Tiaden A, Hilbi H - Sensors (Basel) (2012)

Bottom Line: AHK signaling regulates the virulence of L. pneumophila and V. cholerae, pathogen-host cell interactions, formation of biofilms or extracellular filaments, expression of a genomic "fitness island" and competence.Here, we outline the processes, wherein AHK signaling plays a role, and review recent insights into the function of proteins encoded by the lqs and cqs gene clusters.To this end, we will focus on the autoinducer synthases catalysing the biosynthesis of AHKs, on the cognate trans-membrane sensor kinases detecting the signals, and on components of the down-stream phosphorelay cascade that promote the transmission and integration of signaling events regulating gene expression.

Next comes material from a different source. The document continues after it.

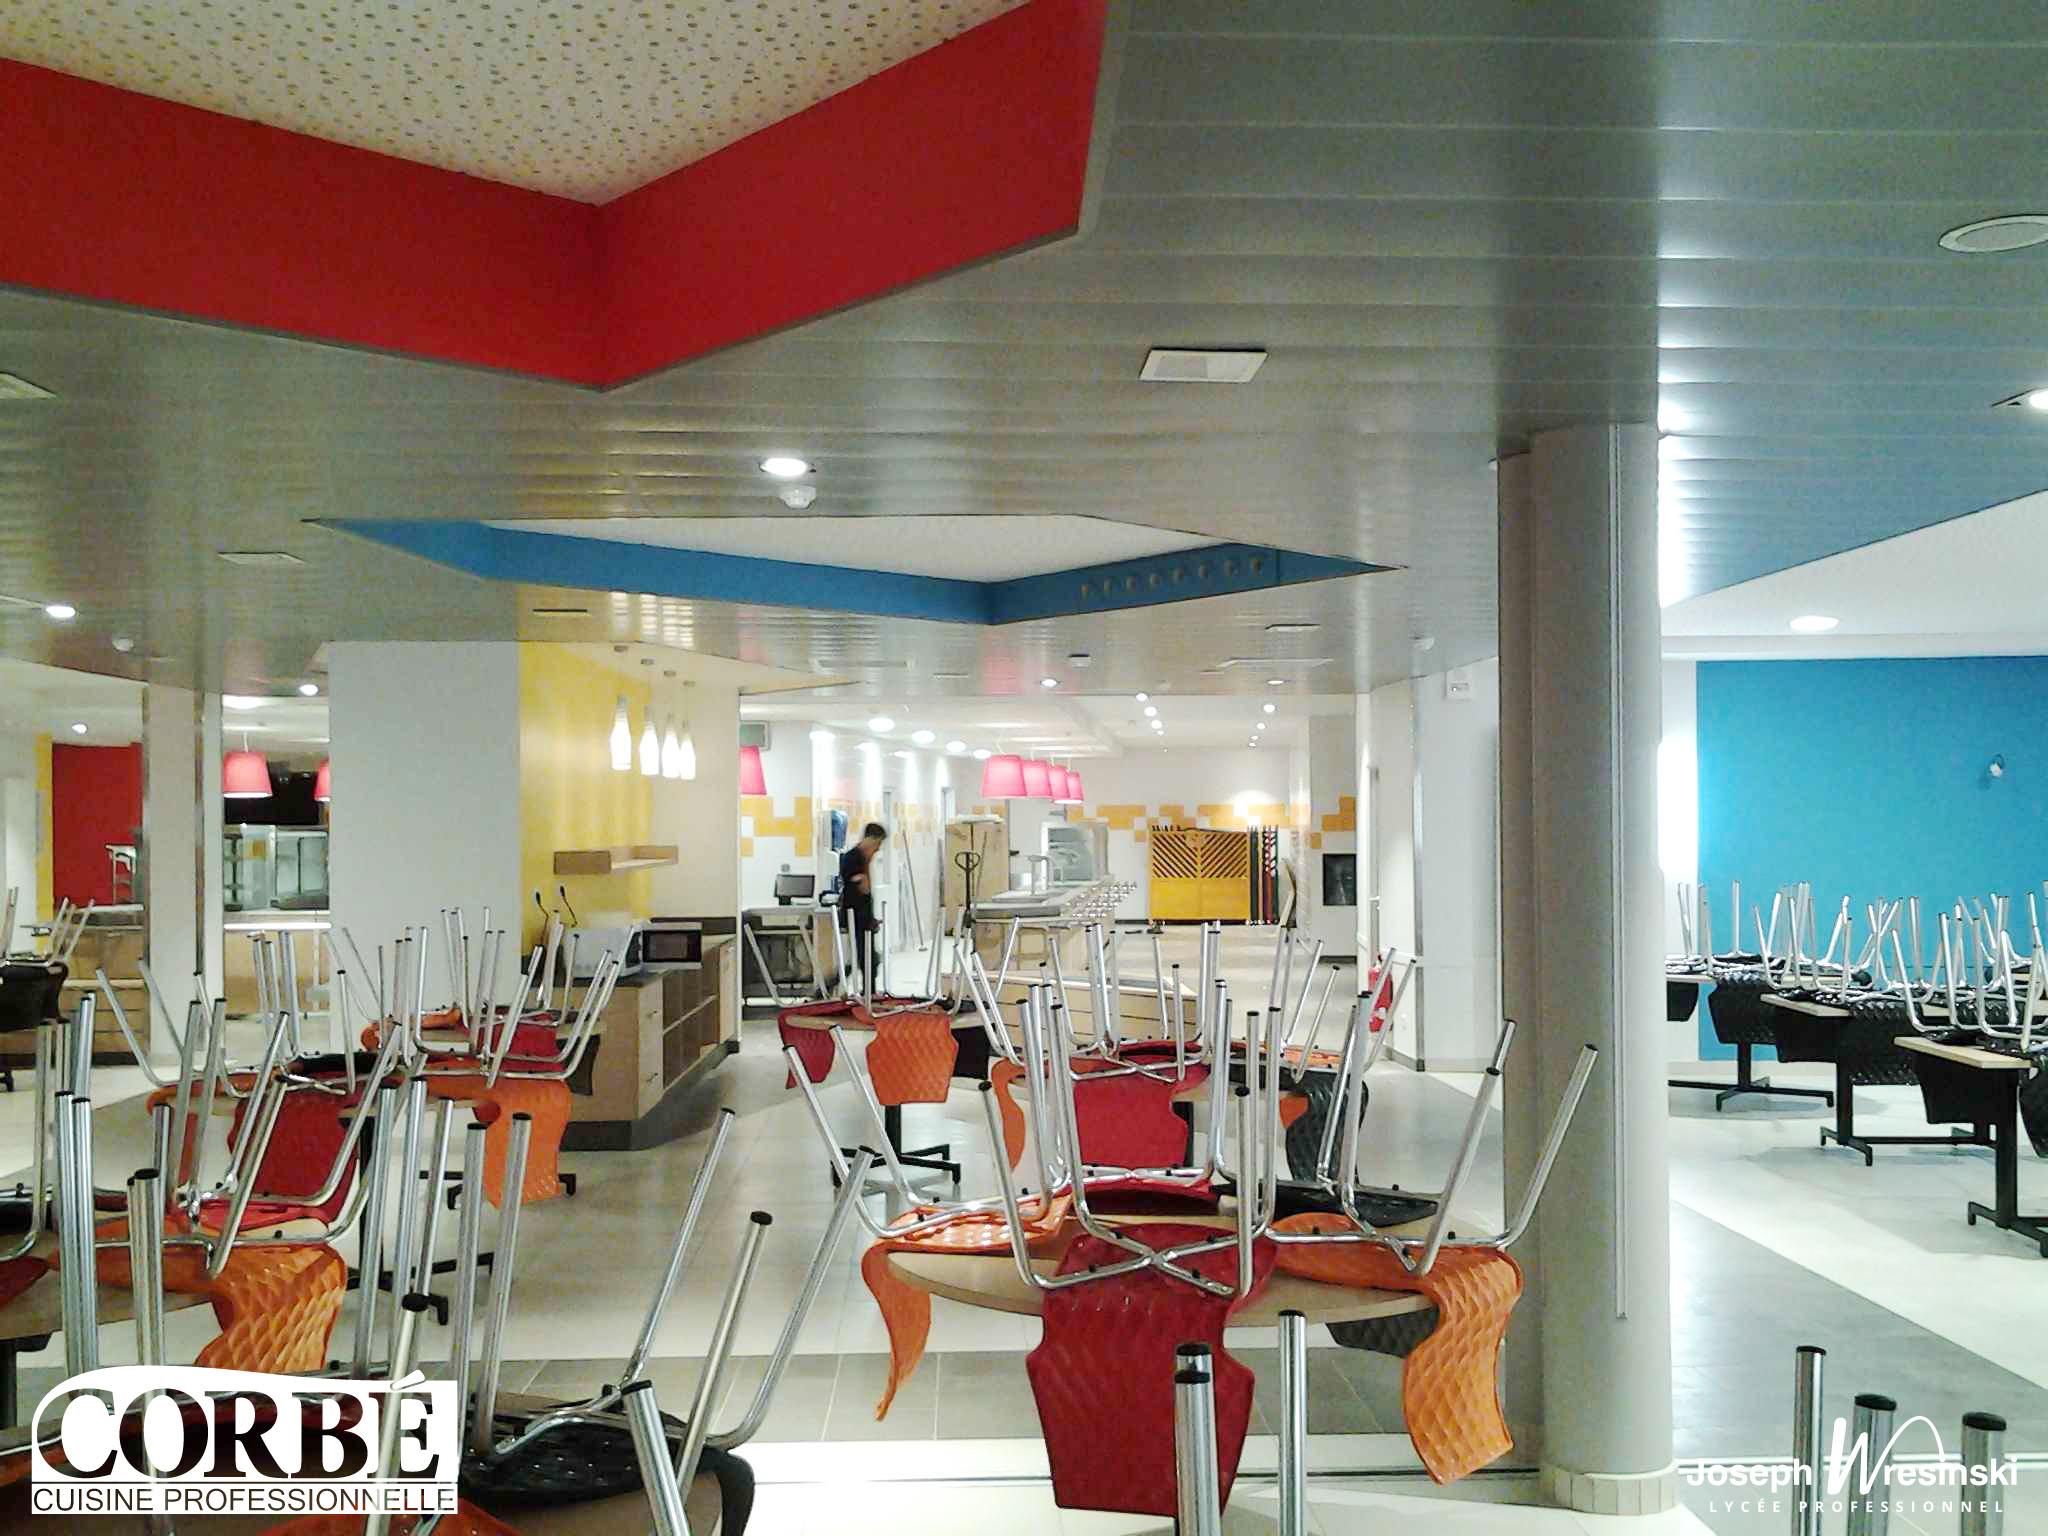 Restaurant-Scolaire-Wresinski-Corbé-Cuisine-Professionnelle3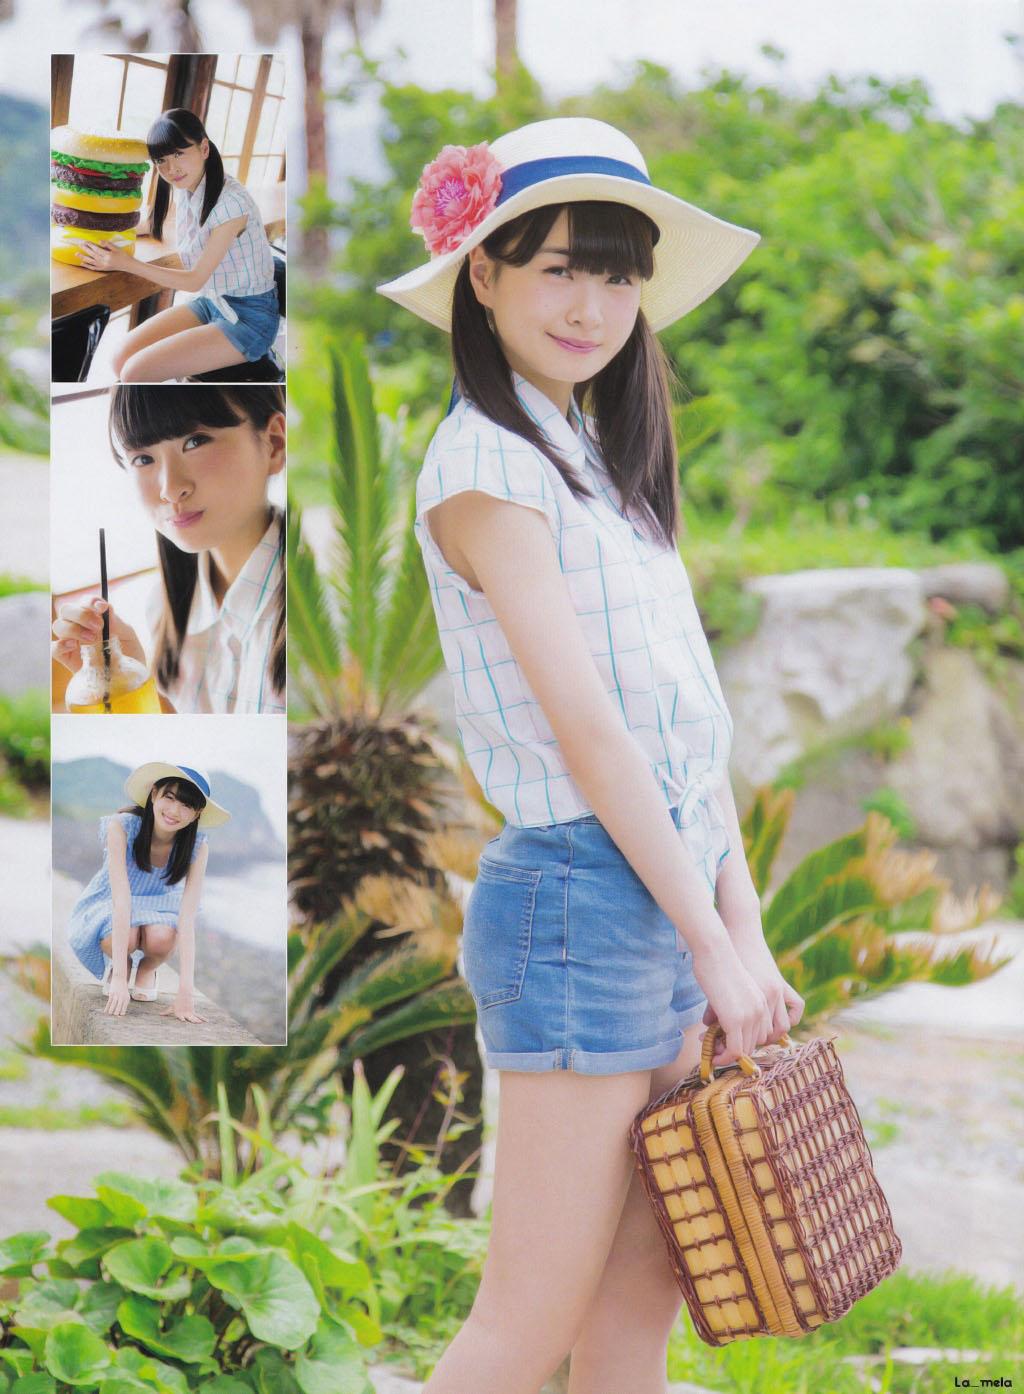 Matsuoka Hana 松岡はな HKT48, Monthly ENTAME 2016.08 Gravure

View Article: PubMed Central - PubMed

Affiliation: Competence Center for Applied Biotechnology and Molecular Medicine, University Zürich, Zürich, Switzerland. nicki.tiaden@cabmm.uzh.ch

ABSTRACT
Bacteria synthesize and sense low molecular weight signaling molecules, termed autoinducers, to measure their population density and community complexity. One class of autoinducers, the α-hydroxyketones (AHKs), is produced and detected by the water-borne opportunistic pathogens Legionella pneumophila and Vibrio cholerae, which cause Legionnaires' disease and cholera, respectively. The "Legionella quorum sensing" (lqs) or "cholera quorum sensing" (cqs) genes encode enzymes that produce and sense the AHK molecules "Legionella autoinducer-1" (LAI-1; 3-hydroxypentadecane-4-one) or cholera autoinducer-1 (CAI-1; 3-hydroxytridecane-4-one). AHK signaling regulates the virulence of L. pneumophila and V. cholerae, pathogen-host cell interactions, formation of biofilms or extracellular filaments, expression of a genomic "fitness island" and competence. Here, we outline the processes, wherein AHK signaling plays a role, and review recent insights into the function of proteins encoded by the lqs and cqs gene clusters. To this end, we will focus on the autoinducer synthases catalysing the biosynthesis of AHKs, on the cognate trans-membrane sensor kinases detecting the signals, and on components of the down-stream phosphorelay cascade that promote the transmission and integration of signaling events regulating gene expression.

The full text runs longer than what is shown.